Увидеть Мензоберранзан и умереть - Страница 194


К оглавлению

194

В подступивших сумерках этот незыблемый бастион производил мрачное и гнетущее впечатление. Гордо вознеслась ввысь сторожевая башня, подавляя своей неприступностью и внушая невольное почтение, несмотря на то, что на ней уже заметны были следы упадка и разрушения. Тот ущерб, что нанесли ей долгие осады и жестокие штурмы врагов, довершало время и природа.

Стены замка постепенно осыпались, в их трещинах прорастали чахлые кусты и деревца, расширяя и углубляя их своими корнями. Стены хранили следы от тяжелых каменных ядер и въевшуюся копоть. Дубовые перила и перекрытия галерей, что шли вдоль нее, потемнели от времени, цепи ворот проржавели, как и толстые стальные прутья подъемной решетки. Подножья стен и башен покрывал мох, все выше поднимавшийся со временем.

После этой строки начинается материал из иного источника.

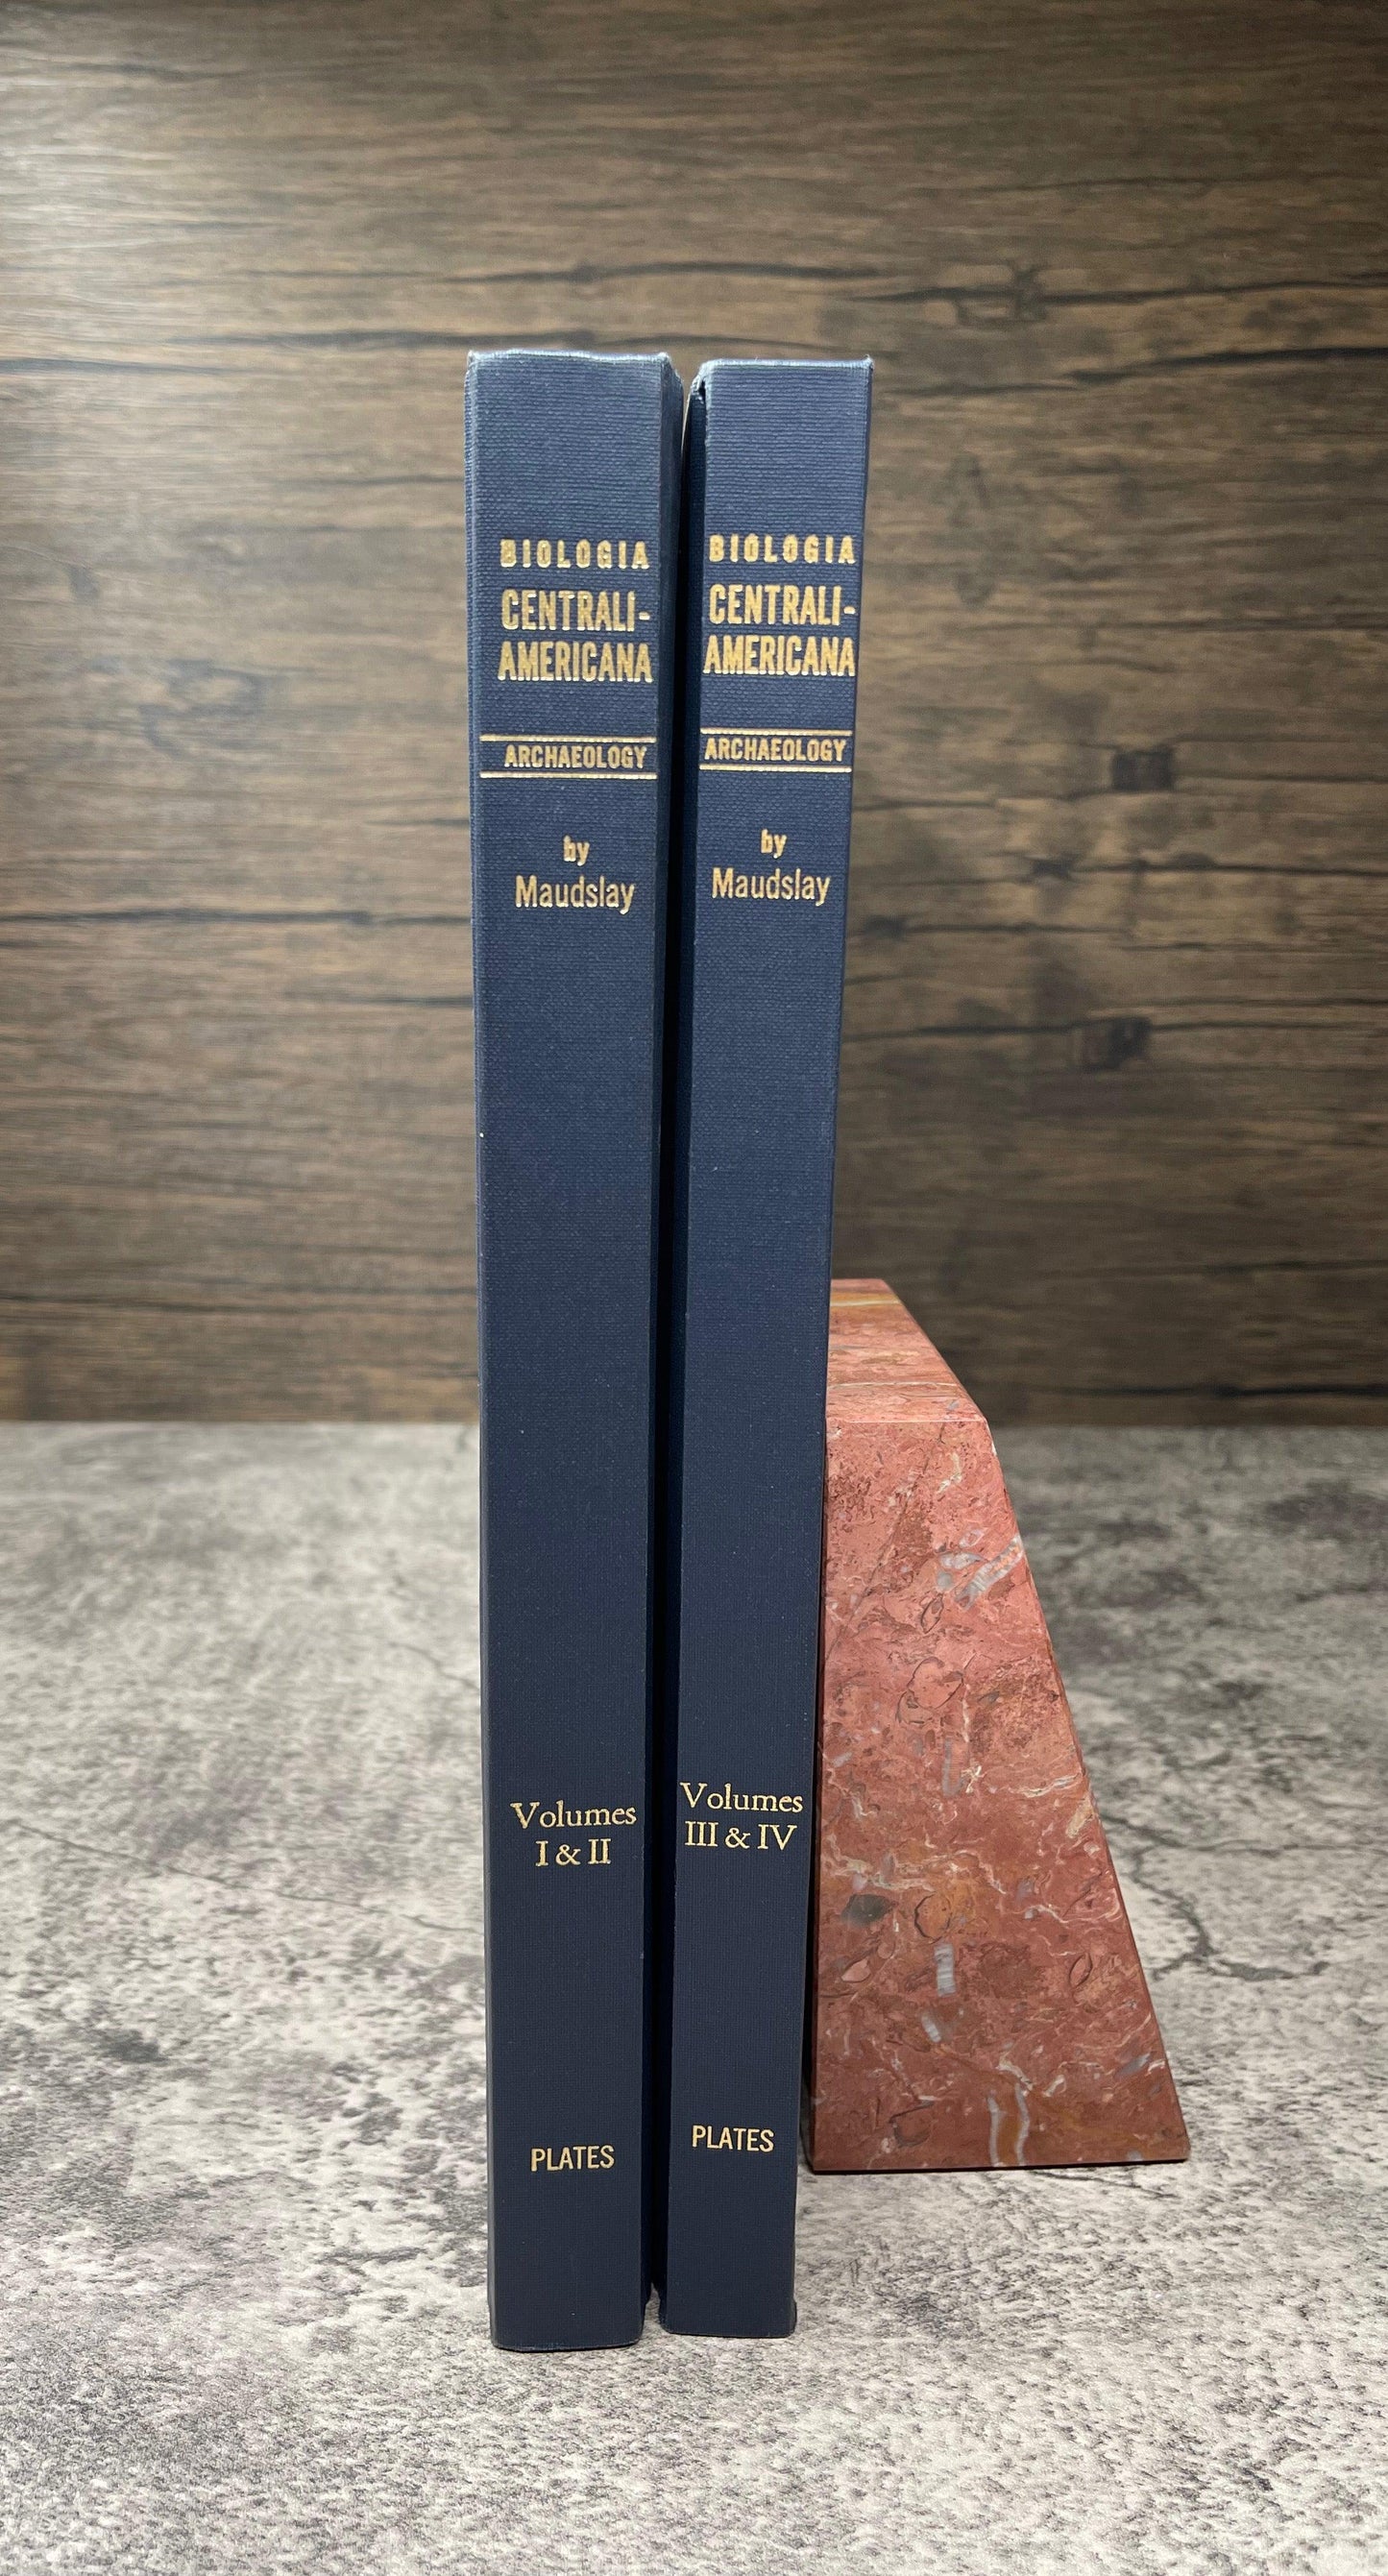 Biologia Centrali-Americana / 4 Volume Facsimile Edition of Plates / 1974 - Precious Cache
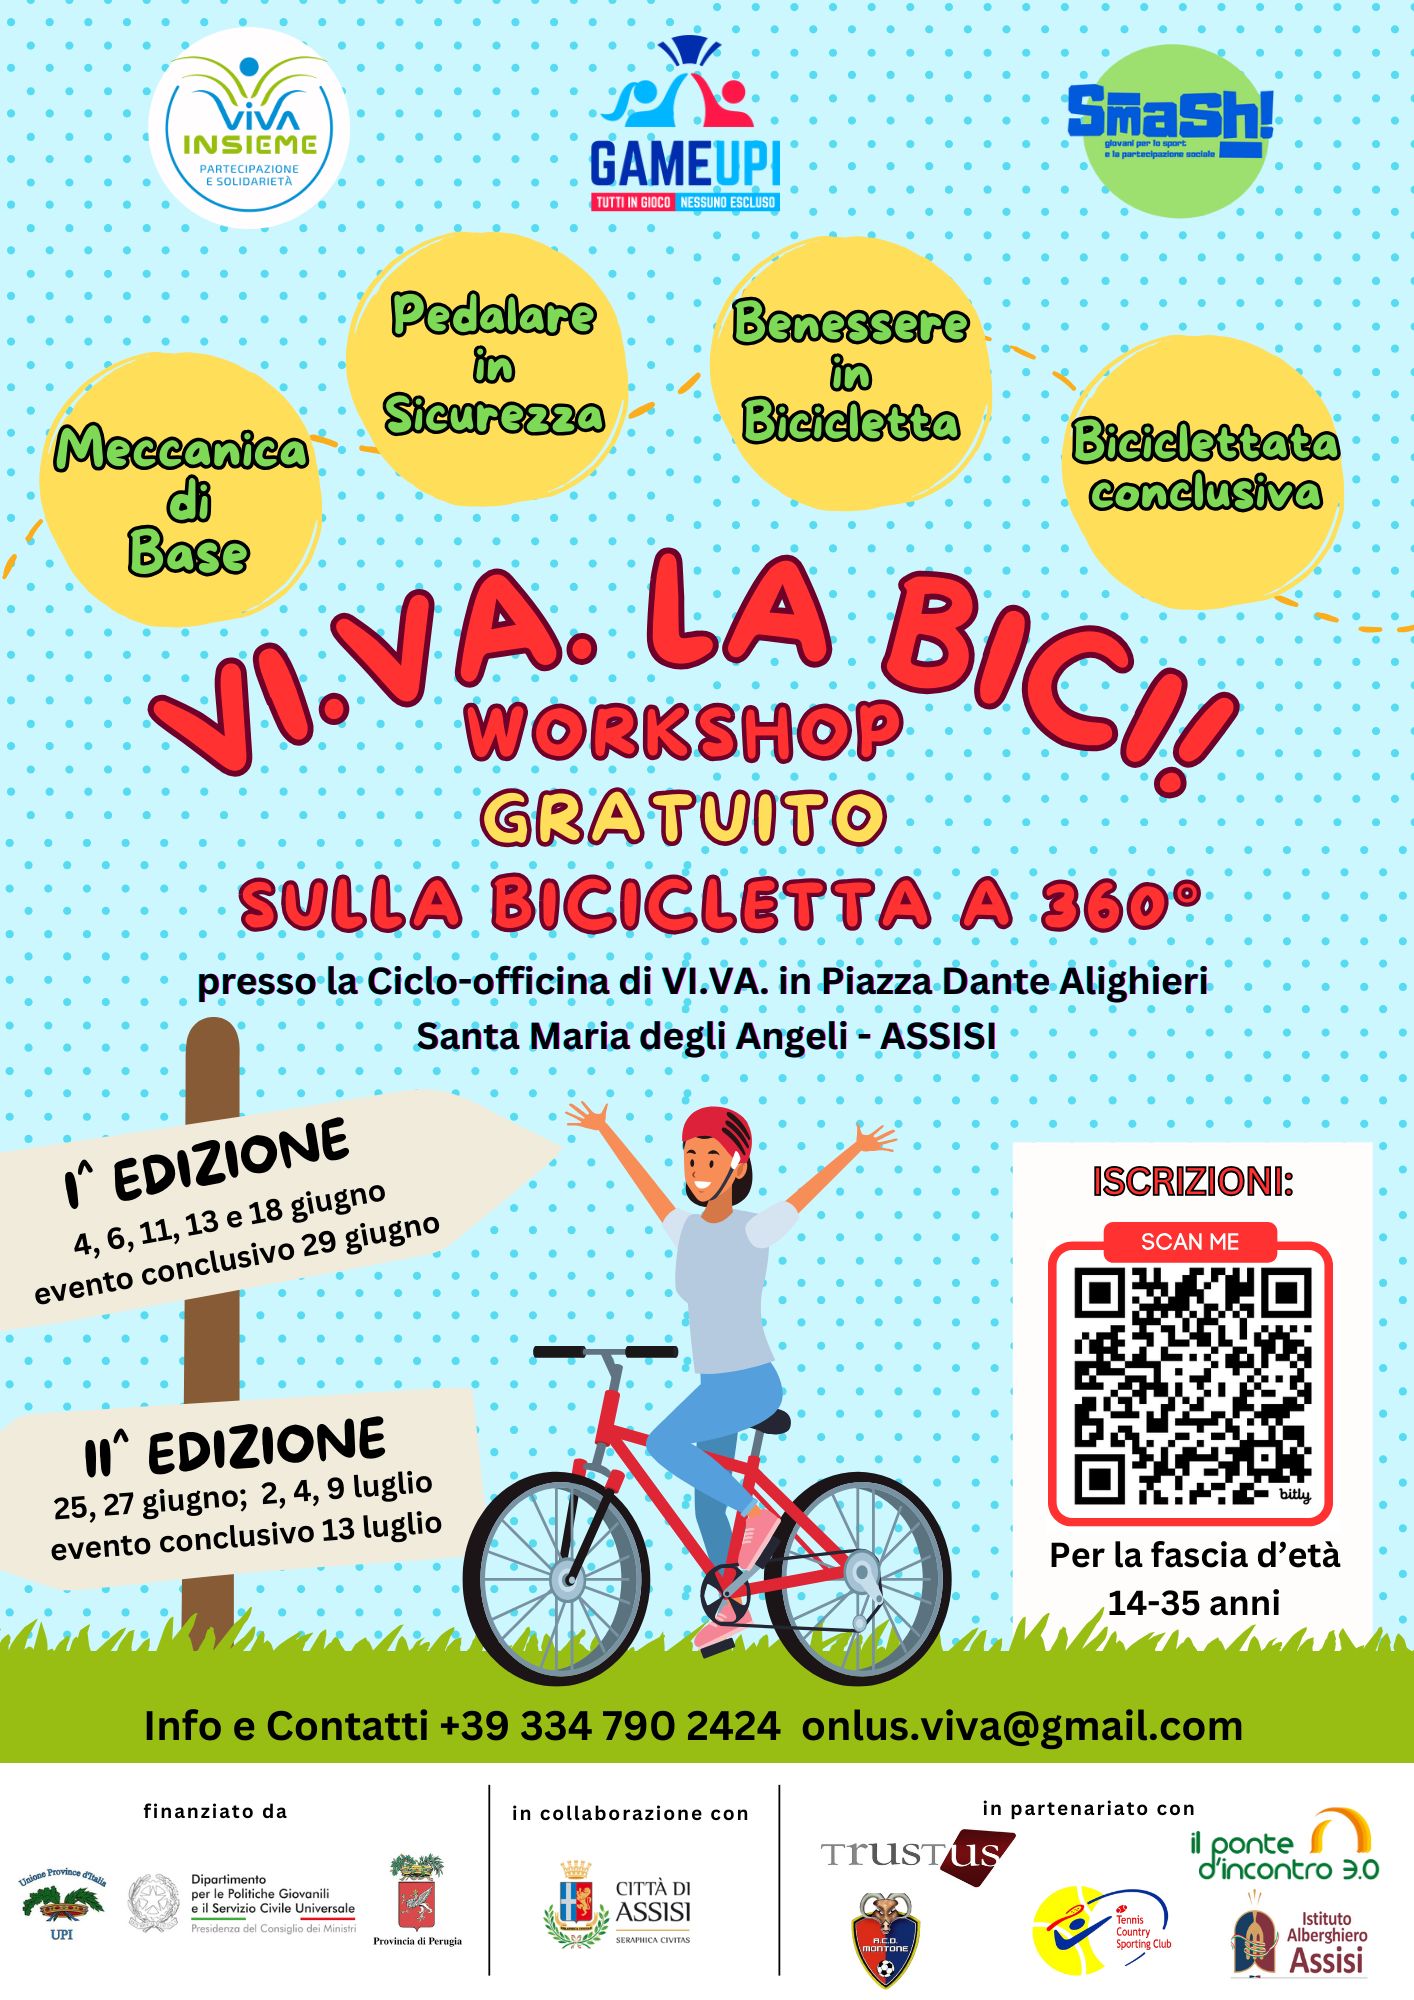 Workshop gratuito “VI.VA. LA BICI!” grazie al progetto Smash!

Но несмотря на эти, явные следы упадка, замок все еще был той силой с которой приходилось считаться.

Он по прежнему был неприступен и как старый бывалый ветеран, который все еще пребывая в дозоре, не снимает своих иссеченных, мятых доспехов, продолжал нести свою службу, охраняя рубеж, вглядываясь в даль утомленными, но по прежнему зоркими глазами, ища приближения врага. Многое пережил, многое повидал этот закаленный в боях вояка и кто знает, что предстоит еще вынести ему и перед чем еще сумеют устоять его стены. И смотря на осыпающийся, кое-где камень древних стен, на заделанные в них бреши, каждый понимал, что просто так они не падут и замок не сдаться.

Репрок не вызывал ни жалости из-за упадка, ни сожаления по минувшему героическому прошлому, но лишь почтение и глубокое уважение к своим «сединам». И Ника явственно ощущала ауру сурового героизма при той скромной жизни, которой жил замок в затишье мирных дней. Этот суровый вояка, не претендовавший ни на что и ничего не наживший, стойко, без единой жалобы, переносил свои лишения и невзгоды.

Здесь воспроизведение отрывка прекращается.